PACS numbers: 07.05.Tp
Keywords: Particle-accelerator simulation, GPU acceleration
PROGRAM SUMMARY
Program Title: Kernels from the GPU-accelerated Elegant
Licensing provisions: MIT
Programming language: C/C /CUDA
Nature of problem: The original design of the Elegant accelerator physics code was implemented on central processing units with message-passing interface parallelization. This implementation is not able to use next-generation multicore systems.
Solution method: In this package we develop routines based on the CUDA language extensions to C that enable porting the Elegant code to be run on graphics processing units (GPUs). Special consideration is given to algorithms that require collective communication on the GPU.
Additional comments including Restrictions and Unusual features: The full Elegant source code is freely available from Argonne National Laboratory and these distributions include the GPU code in the later releases.
-
-
- INTRODUCTION
-
Elegant is an open-source, multi-platform code used for design, simulation, and optimization of a wide variety of high-energy particle accelerators and accelerator-based systems, including free-electron laser (FEL) driver linear accelerators (“linacs”), energy recovery linacs (ERLs), and storage rings [1–3]. The parallel version, Pelegant [4–6], uses MPI for parallelization and shares all source code with the serial version.
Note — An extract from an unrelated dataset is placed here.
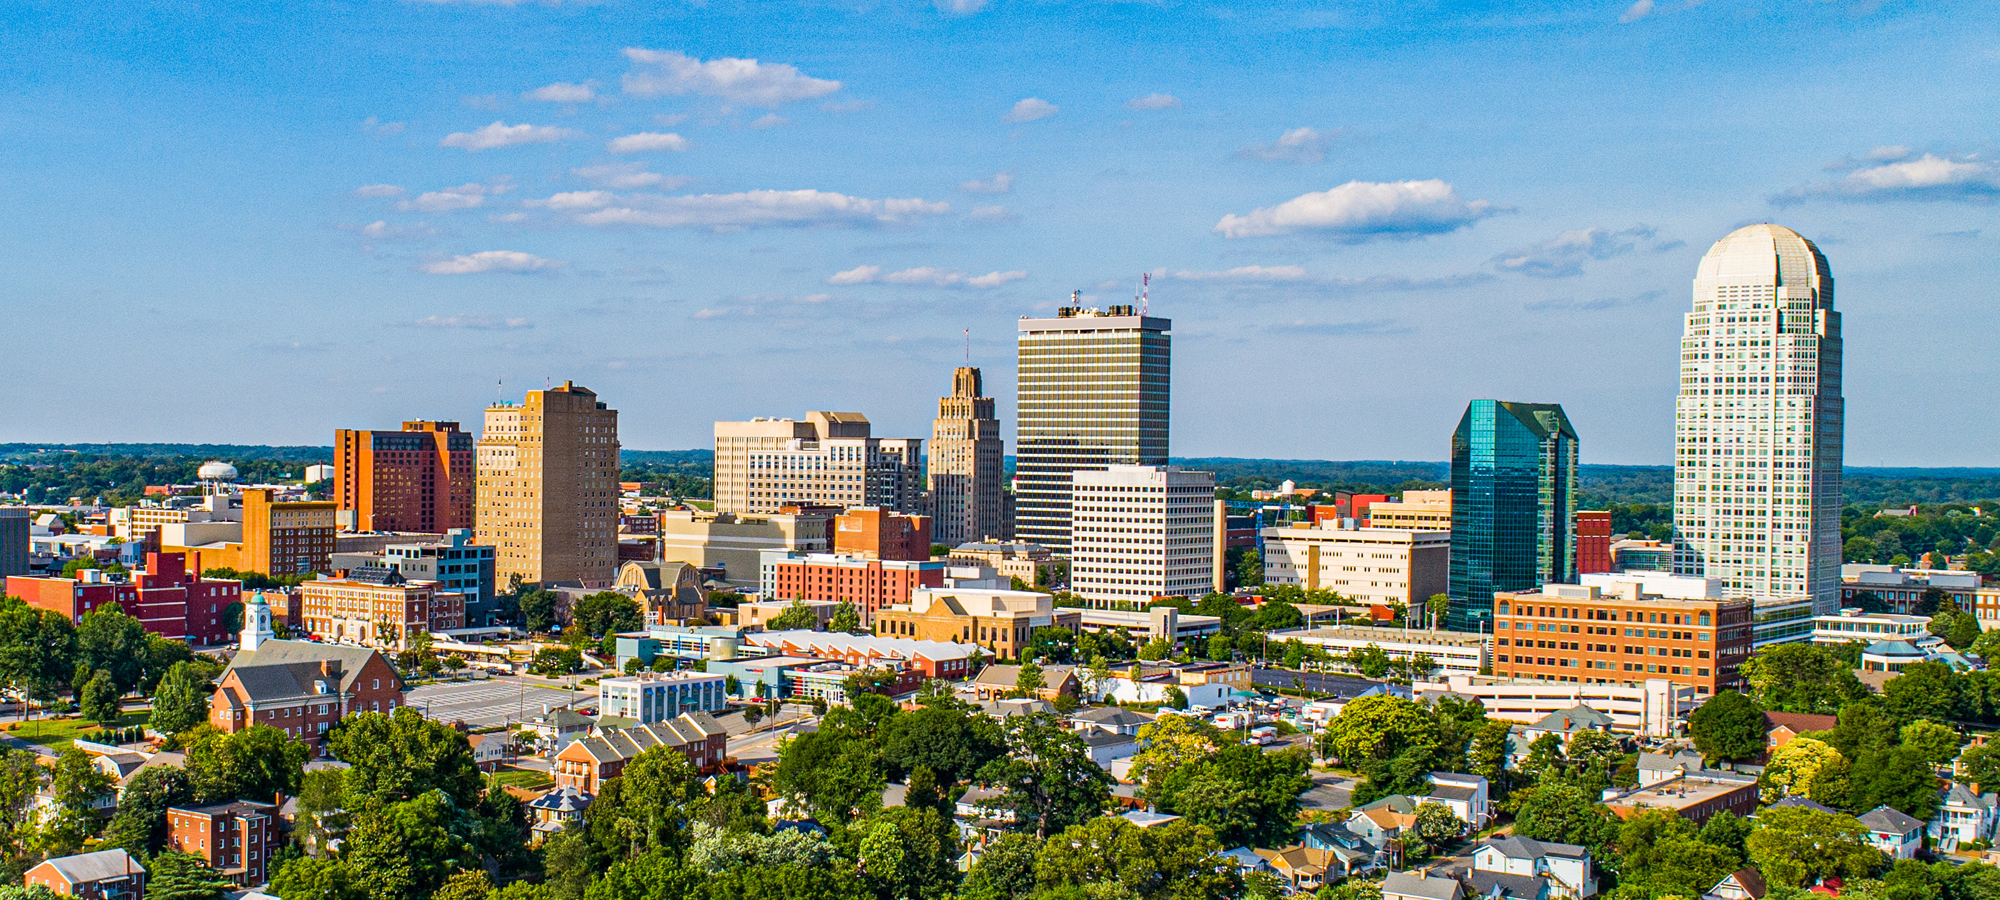 WinstonSalem NC skyline

In a number of settings that include accelerator design optimization, Elegant is used as the tracking component of fully scripted simulations. Elegant is fundamentally a lumped-element particle accelerator tracking code utilizing 6D phase space, and is written mostly in C. A variety of numerical techniques are used for particle propagation, including transport matrices (up to third order), symplectic integration, and adaptive numerical integration. Collective effects are also available, including space charge, coherent synchrotron radiation (CSR), wakefields, and resonant impedances.
In recent years, general purpose computing on graphics processing units (GPUs) has attracted significant interest from the scientific computing community because these devices offer unmatched performance at low
lowast;Presently at RadiaSoft LLC
dagger;Presently at Sierra Nevada Corporation
cost and at high performance per watt. Unlike general purpose processors, which devote significant on- chip resources to command and control, pre-fetching, caching, instruction-level parallelism, and instruction cache parallelism, GPUs devote a much larger amount of silicon to maximizing memory bandwidth and raw floating-point computation power. This comes at the expense of shifting the burden towards developers and away from on-chip command and control logic, and additionally requires relatively large problems with high levels of parallelism.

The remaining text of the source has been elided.